James O'Shaughnessy is an American investor and the founder and CEO of O'Shaughnessy Asset Management, (OSAM), an asset management firm headquartered in Stamford, Connecticut. O'Shaughnessy wrote the seminal 1996 book "What Works on Wall Street” where he set out his renowned Cornerstone Growth and Cornerstone Value strategies, which we've discussed and modelled elsewhere. 

In his earlier work, O’Shaughnessy avoided micro cap strategies but, in his 2006 book, "Predicting the Markets of Tomorrow", he argues that markets move in 20 year cycles and, because of the principle of mean reversion, the next 20 years is most likely to favour small-caps: "The best returns will likely come from the stocks of small-size companies, mid-size companies, large company value stocks, and shorter duration, intermediate-term bonds". 

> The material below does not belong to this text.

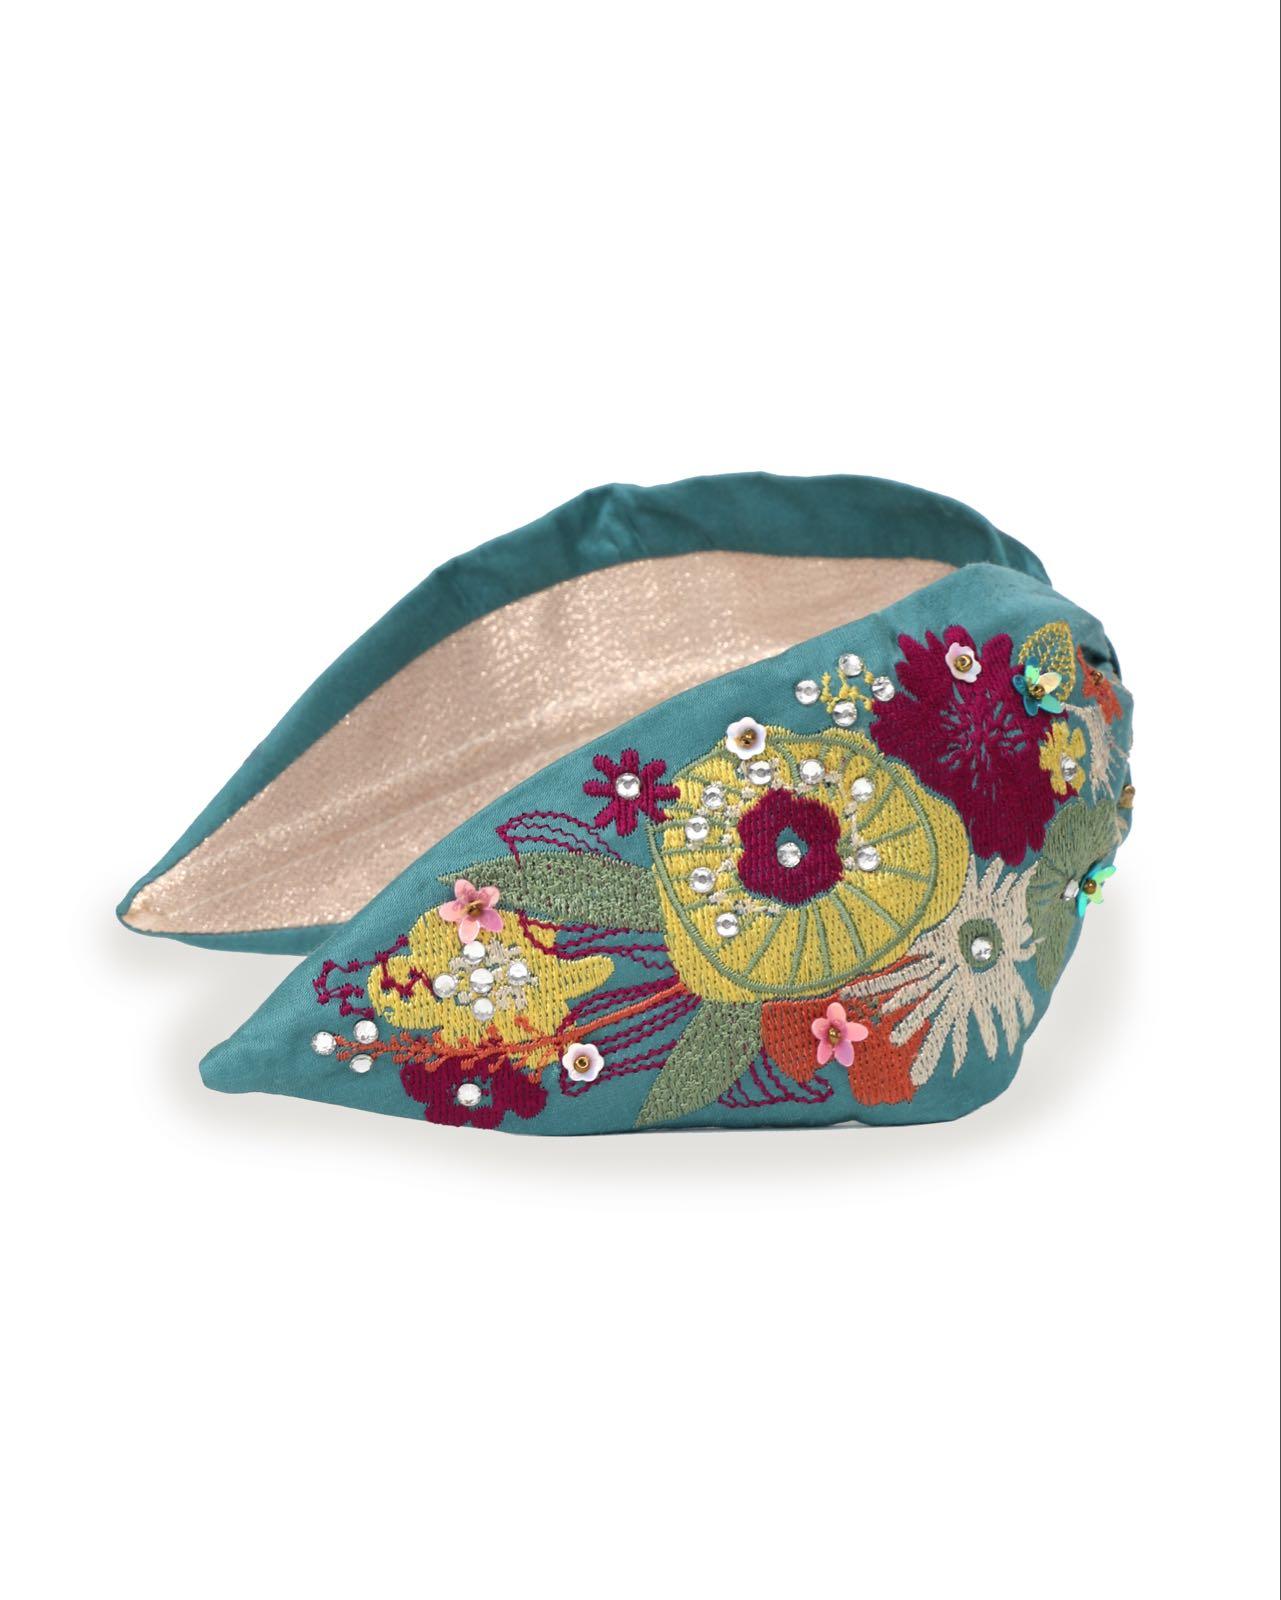 Powder floral turquoise headband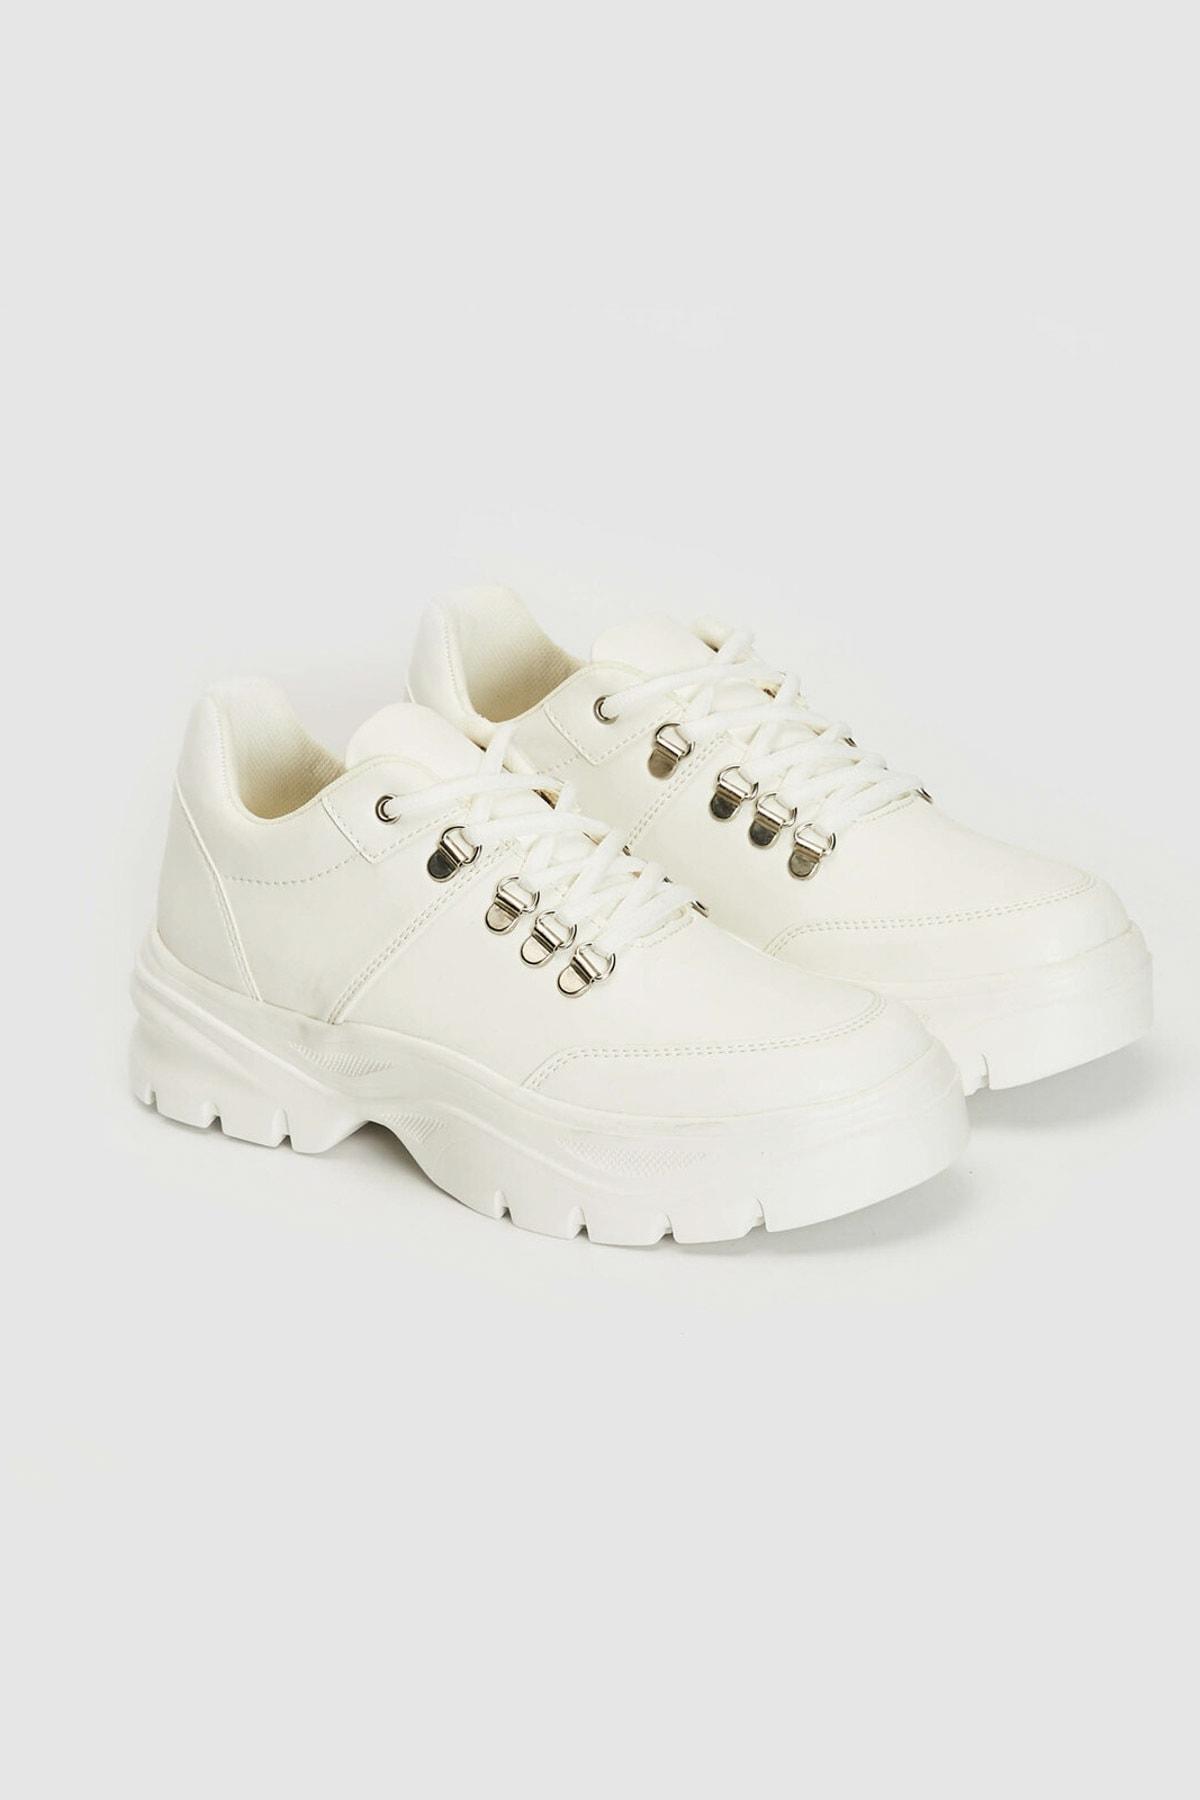 LC Waikiki Kadın Beyaz J5E Sneaker 0WEJ54Z8 2

He also noted that tiny micro-cap stocks have several unique features that make them ideal for aggressive investors:

  1. As with small-cap stocks, it’s virtually impossible for Wall Street analysts to give adequate coverage to micro-cap stocks. It’s not worth their time to do deep research on such a large number of tiny-cap stocks, which makes the market imperfect and with considerable potential upside.
  2. Second, micro-cap stocks have lower correlations with other capitalization categories. While small stocks in general have an average correlation with the S&P 500 of 0.74 between 1952 and 2004, micro-caps have an even lower correlation of 0.66. This means that they offer diversification benefits.
  3. Finally, micro-caps are extremely volatile and best suited to investors willing to accept dramatic ups and downs in their portfolios.

Criteria

Tiny Titans is the most "aggressive" of his small-cap strategies. The criteria are quite simple:

  • Market cap of $25 to $250 million (£15 - £150m assumed in a UK context)
  • Price to sales below 1
  • Minimum liquidity - When describing the universe of liquid stocks, O’Shaughnessy puts the minimum at $500,000 traded per day. 
  • From this list, the idea is to take the top 25 sorted by 12 month price appreciation and equally weight them.

Does it work?

From 1951 through 2004, the strategy had a real (i.e. above inflation) average annual  return of almost 19%. turning one dollar invested in 1951 into $9,734.85 by the end of 2004. In contrast, a small-cap index offered a real average annual…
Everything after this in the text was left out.